Basta “venir tal como eres y aceptar a Jesús”.
Algunos dirán que lo único que hay que hacer es “creer” y que cualquier otra cosa además de eso es salvación por obras.
¿Es esto lo que la Biblia realmente enseña?
En algún momento de la vida alguien probablemente le habrá preguntado a usted si “ha sido salvo”. ¿Cuál fue su respuesta? Sabemos que toda persona que responde al llamamiento de Dios, se arrepiente sinceramente y se bautiza, recibirá el perdón de sus pecados y el don del Espíritu Santo; el poder espiritual que nos faculta para llevar una vida nueva. Ahora bien, ¿en qué consiste esa respuesta al llamamiento de Dios?
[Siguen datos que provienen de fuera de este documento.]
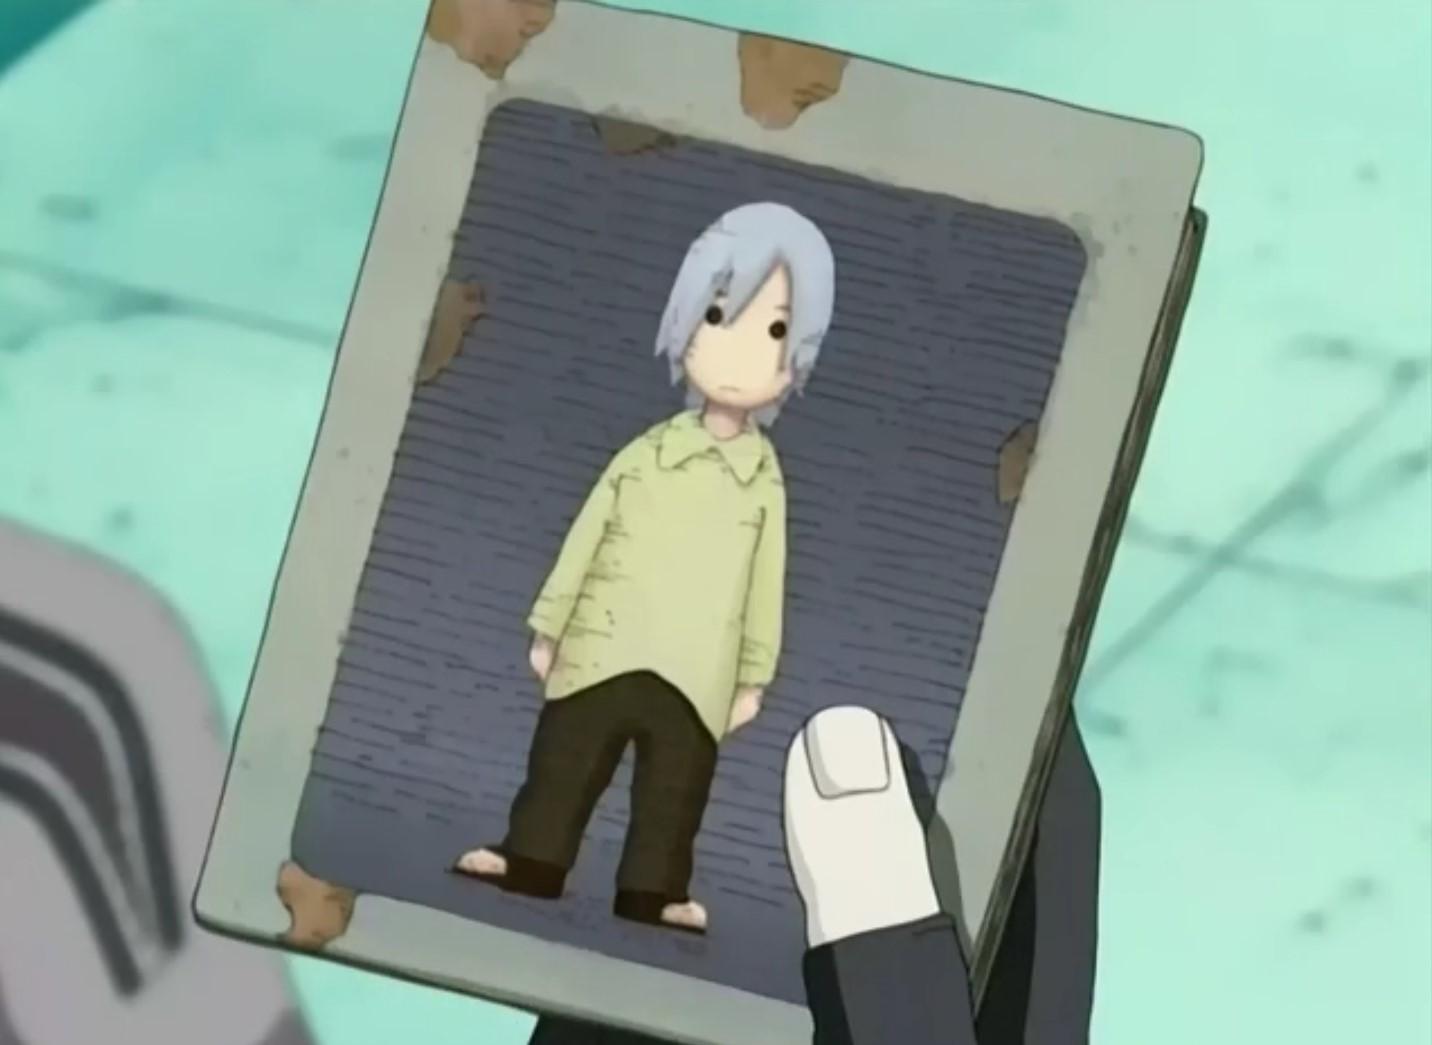 Naruto Shippuden Episódio 46, Assistir Naruto Shippuden Episódio 46, Assistir Naruto Shippuden Todos os Episódios Legendado, Naruto Shippuden episódio 46,HD

En el día de Pentecostés del año 31 de nuestra era, el apóstol Pedro predicó el primer sermón inspirado en la Iglesia del Nuevo Testamento. Se hallaba en Jerusalén ante varios millares de oyentes quienes, al escucharlo, se sintieron compungidos por ser parte en la muerte del Mesías, Jesucristo; y les preguntaron a Pedro y a los demás apóstoles: “Varones hermanos, ¿Qué haremos?” (Hechos 2:37).
Esta era la oportunidad para que Pedro les dijera que no necesitaban hacer nada. Pero, ¿cuál fue su respuesta?: “Pedro les dijo: Arrepentíos, y bautícese cada uno de vosotros en el nombre de Jesucristo para perdón de los pecados; y recibiréis el don del Espíritu Santo” (v. 38).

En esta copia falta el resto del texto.